* MATERIAL PROVIDED
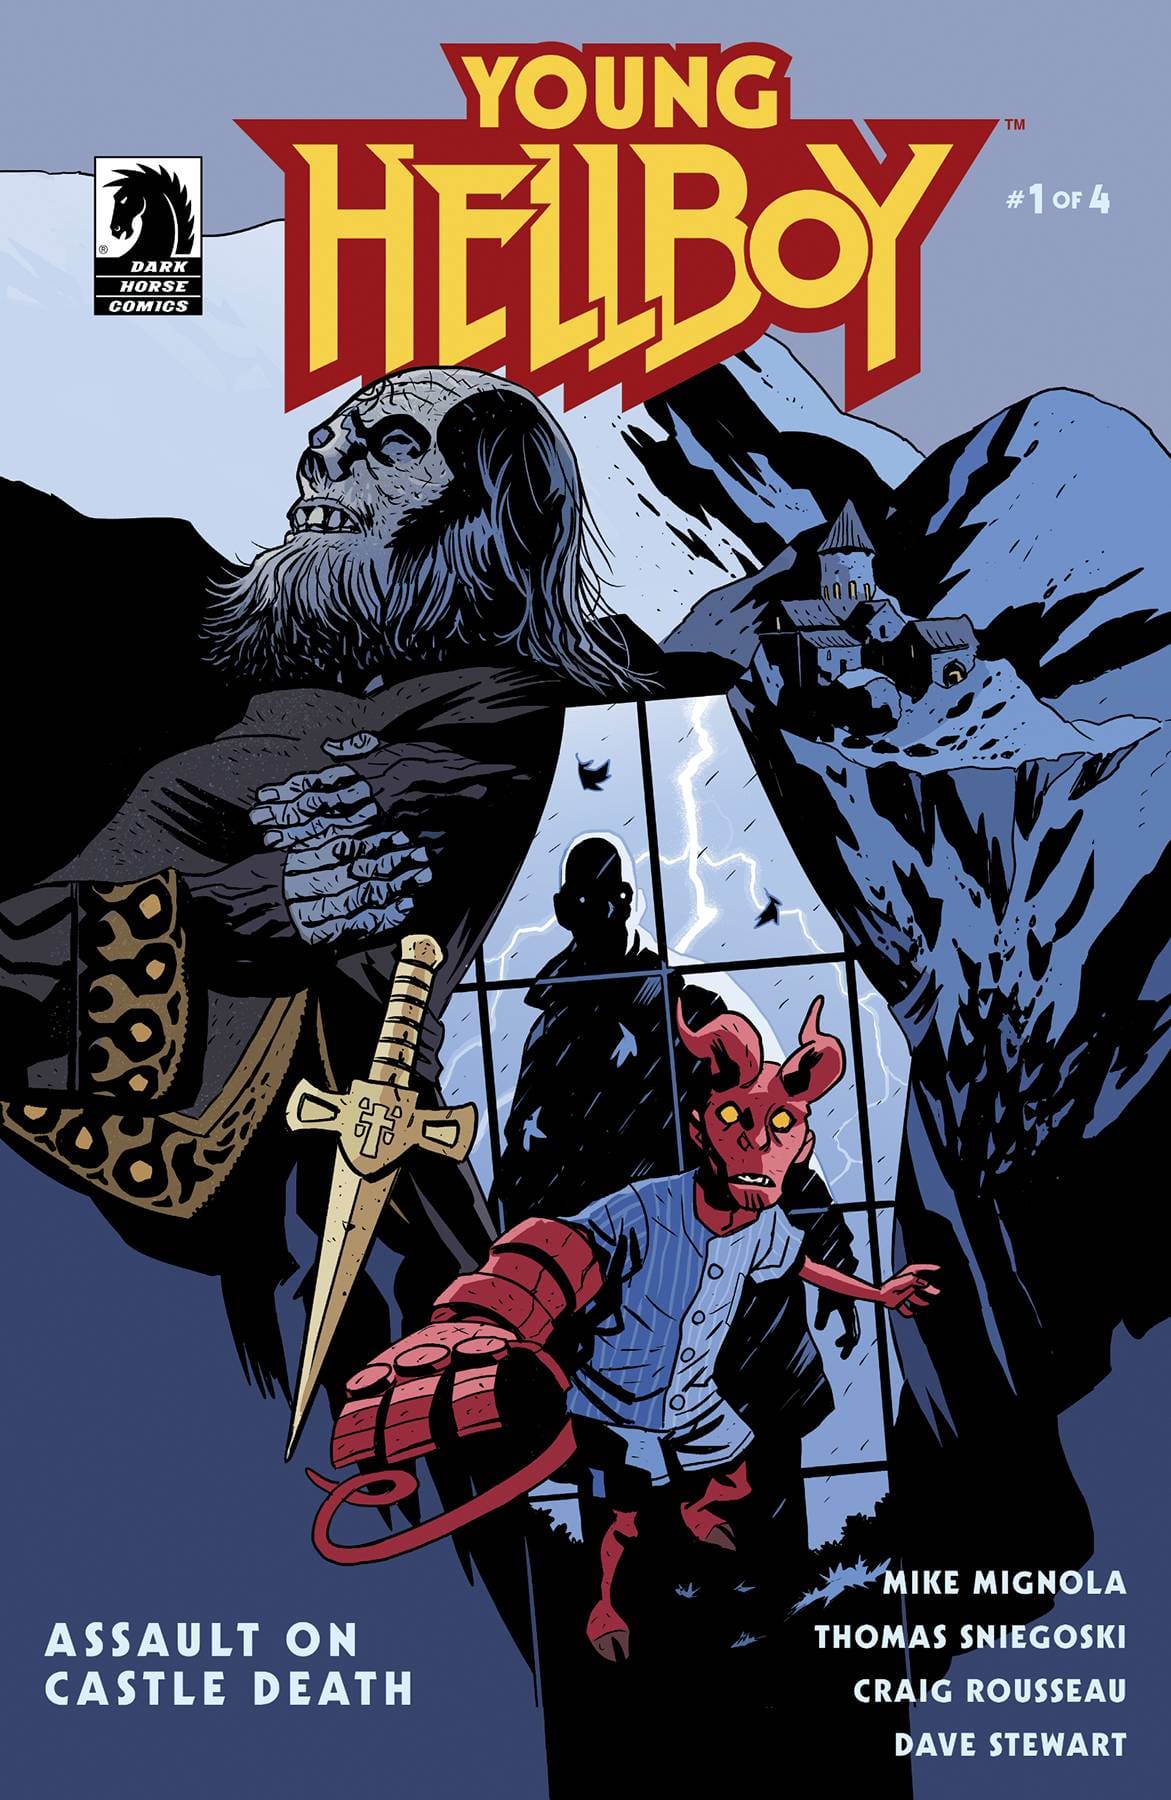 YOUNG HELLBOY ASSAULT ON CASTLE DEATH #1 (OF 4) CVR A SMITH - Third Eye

...

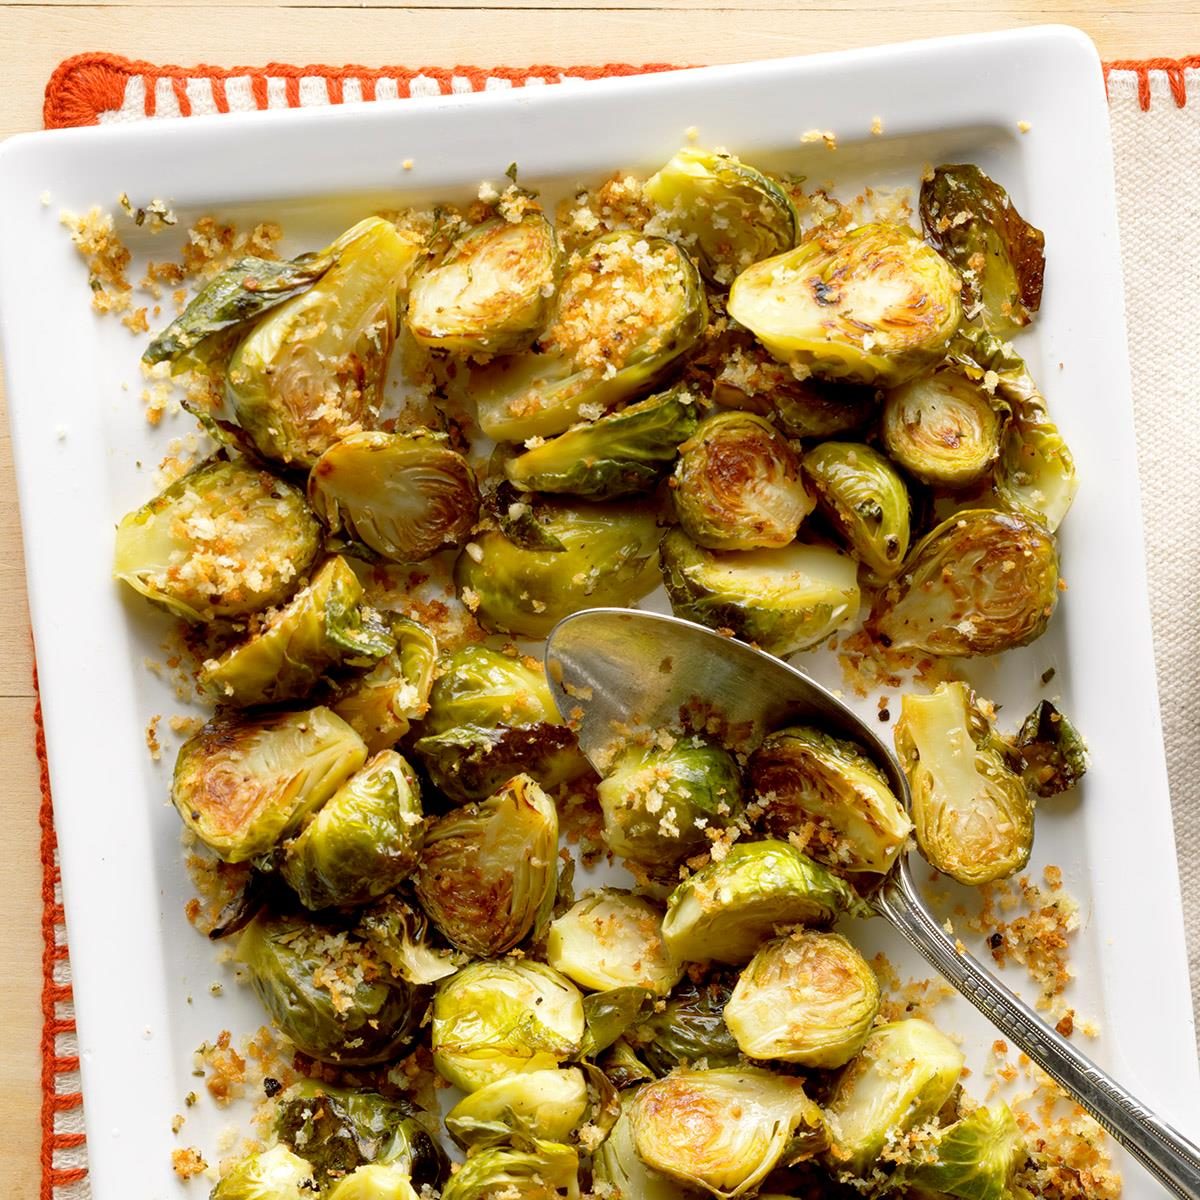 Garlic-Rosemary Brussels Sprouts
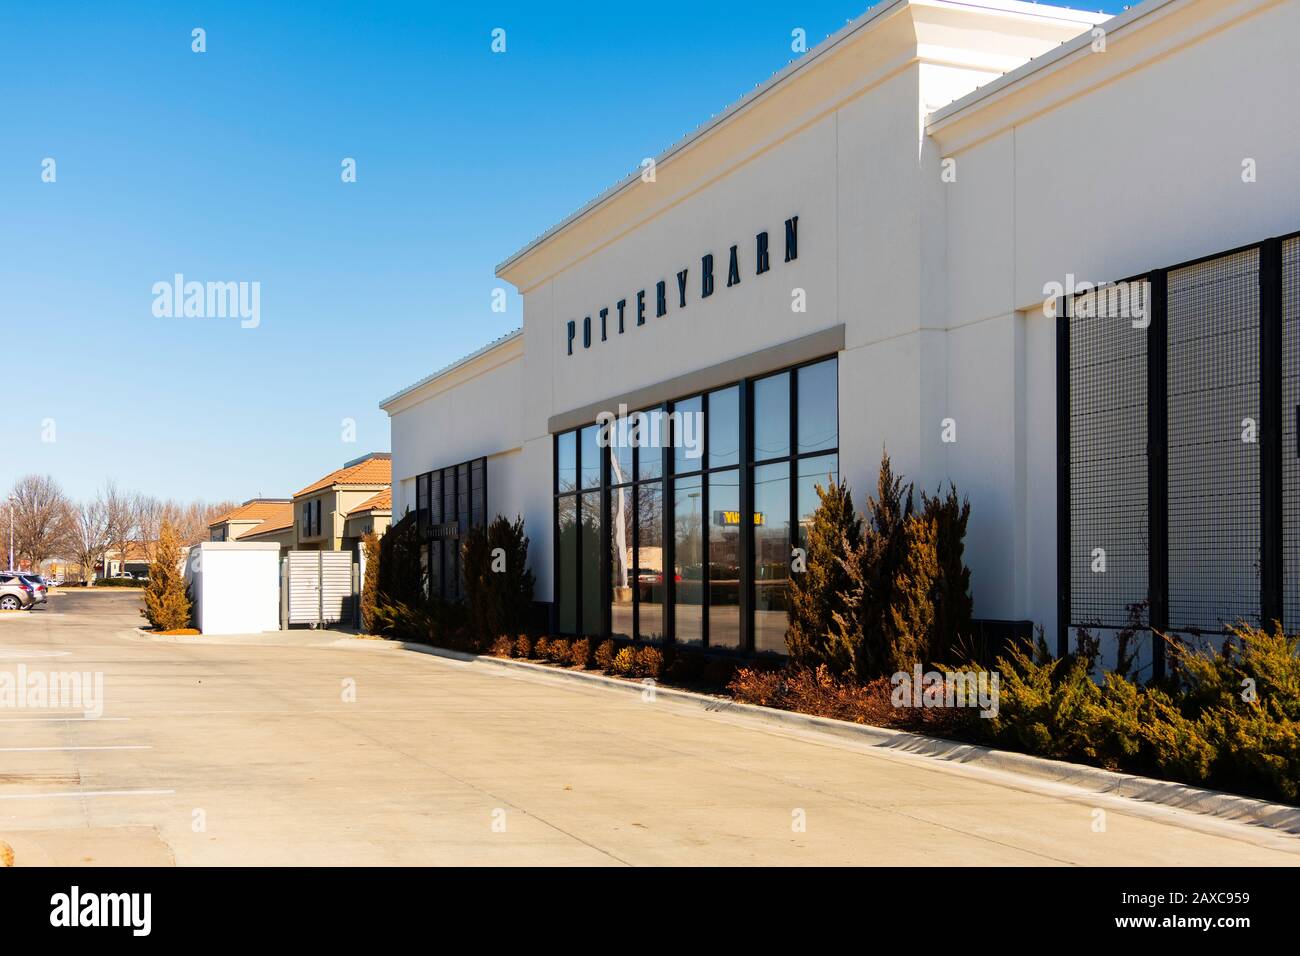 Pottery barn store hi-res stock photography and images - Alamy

* * *

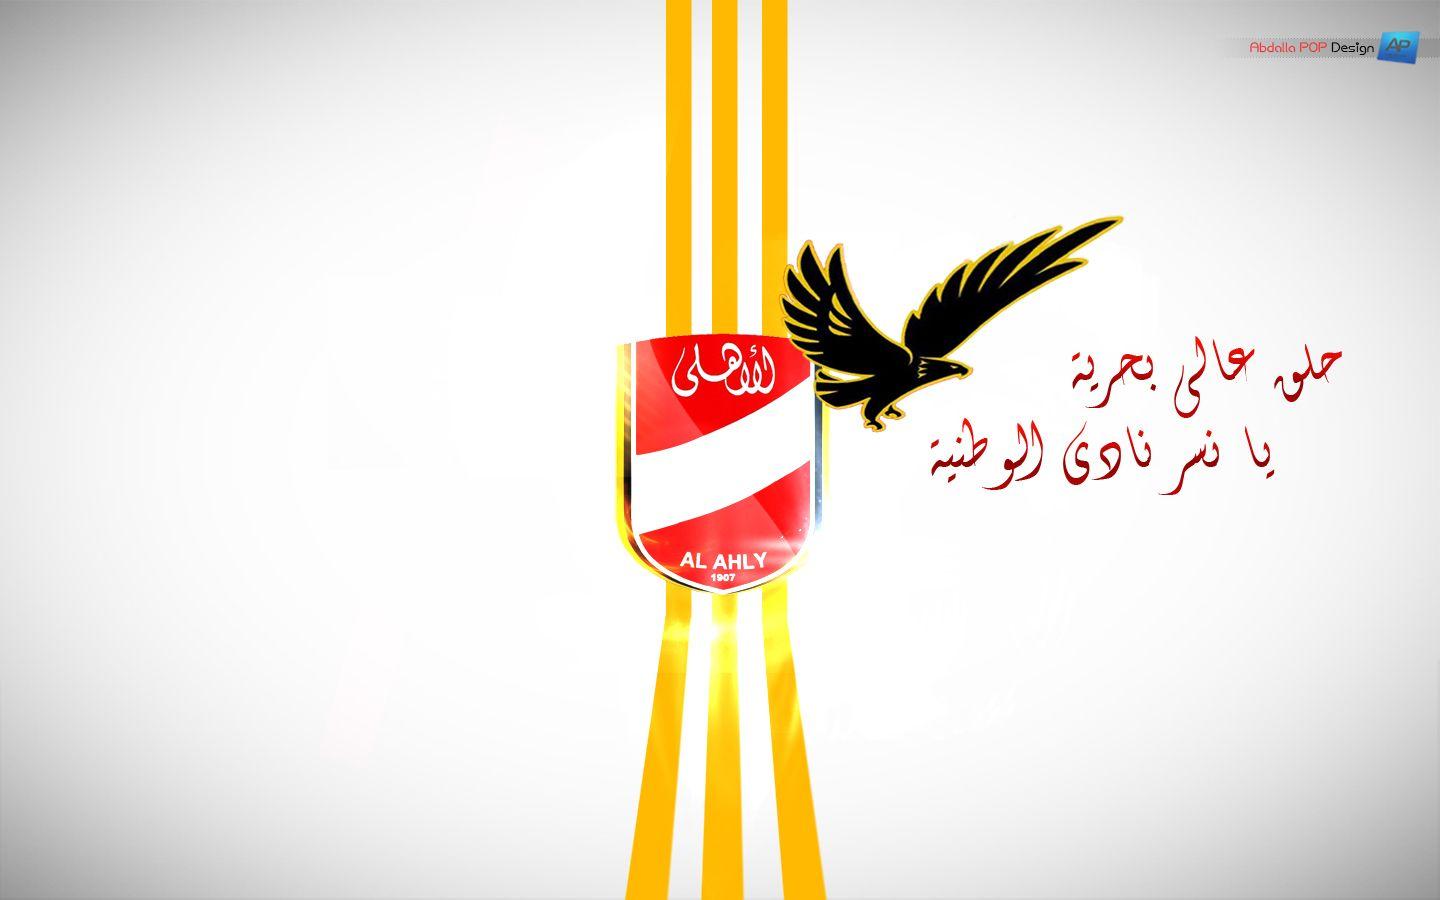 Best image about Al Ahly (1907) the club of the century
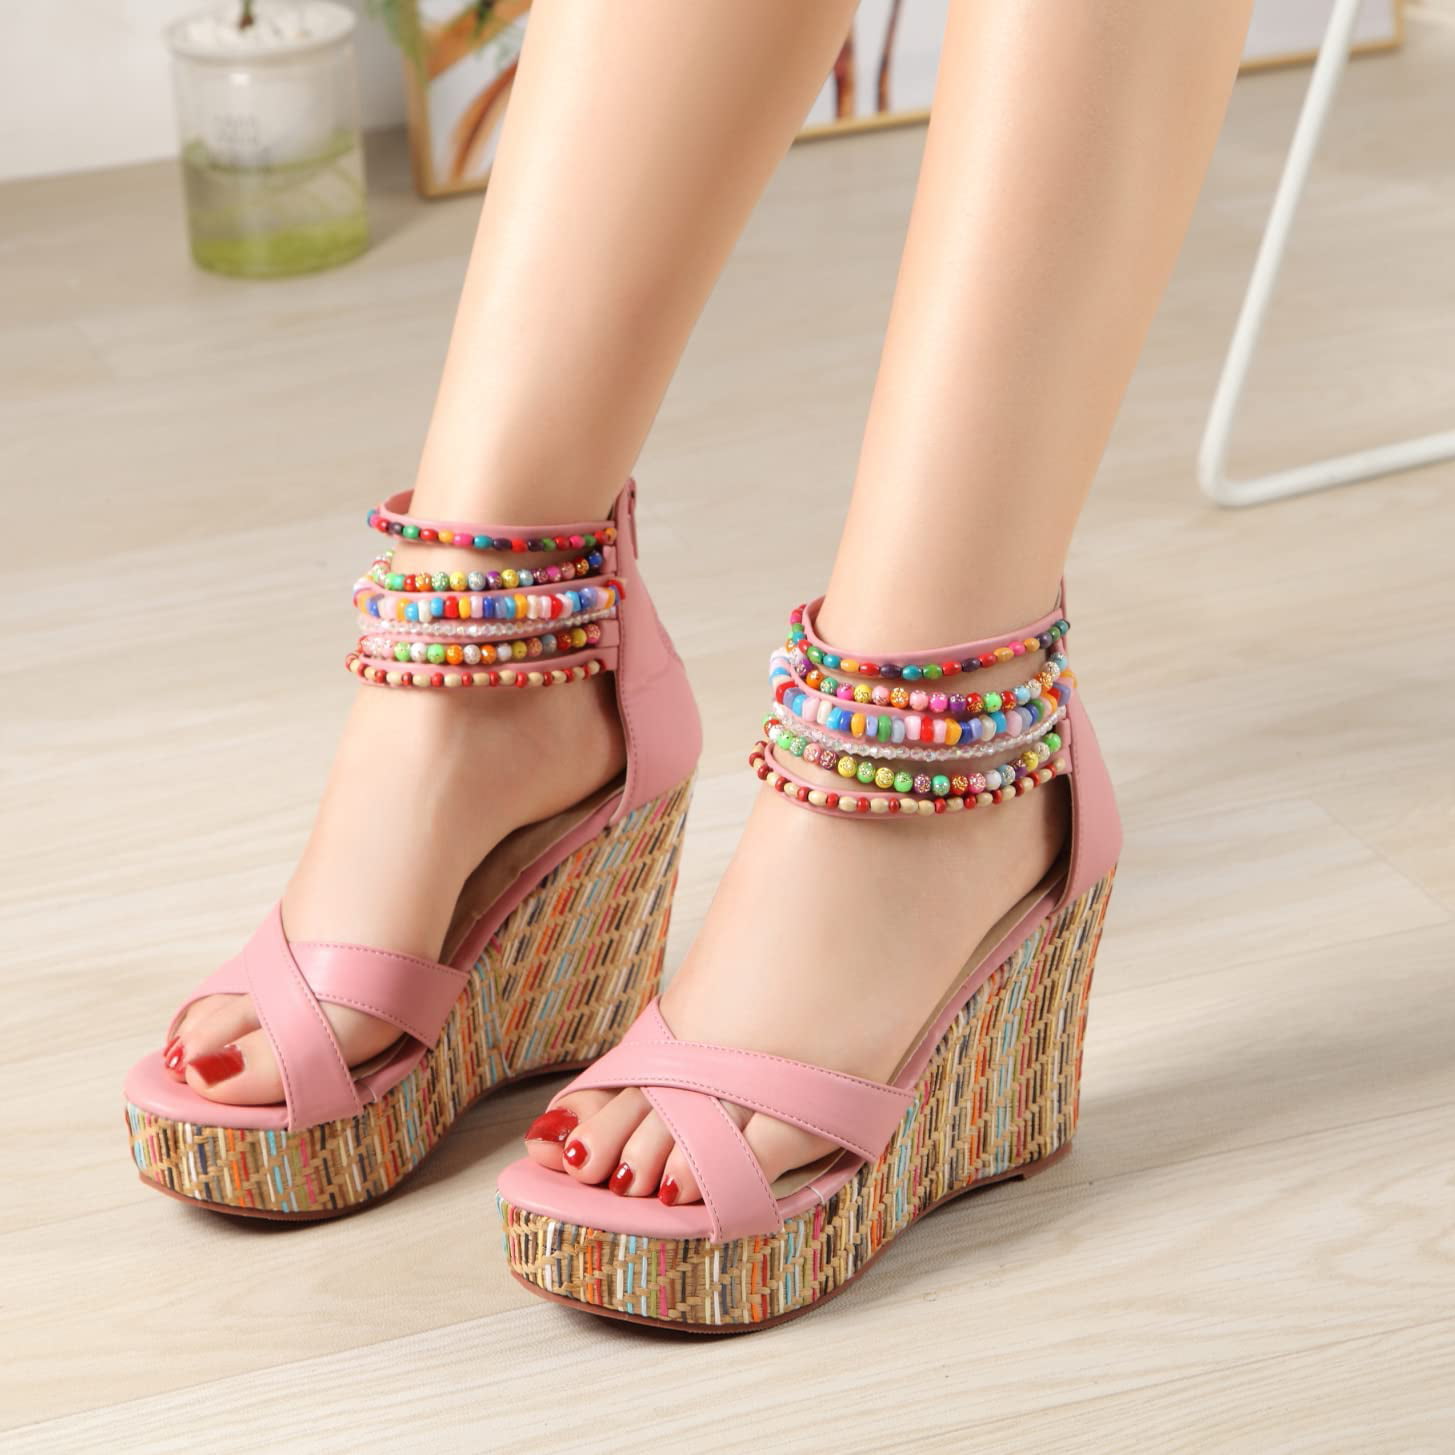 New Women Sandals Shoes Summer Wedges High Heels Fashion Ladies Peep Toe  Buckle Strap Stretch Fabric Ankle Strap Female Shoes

* EXERCISE
Taking the material above, give again exactly the lines from the one holding "Garlic-Rosemary Brussels Sprouts" through the one holding "Pottery barn store", with both ends and without pictures.

* SOLUTION
 Garlic-Rosemary Brussels Sprouts
 Pottery barn store hi-res stock photography and images - Alamy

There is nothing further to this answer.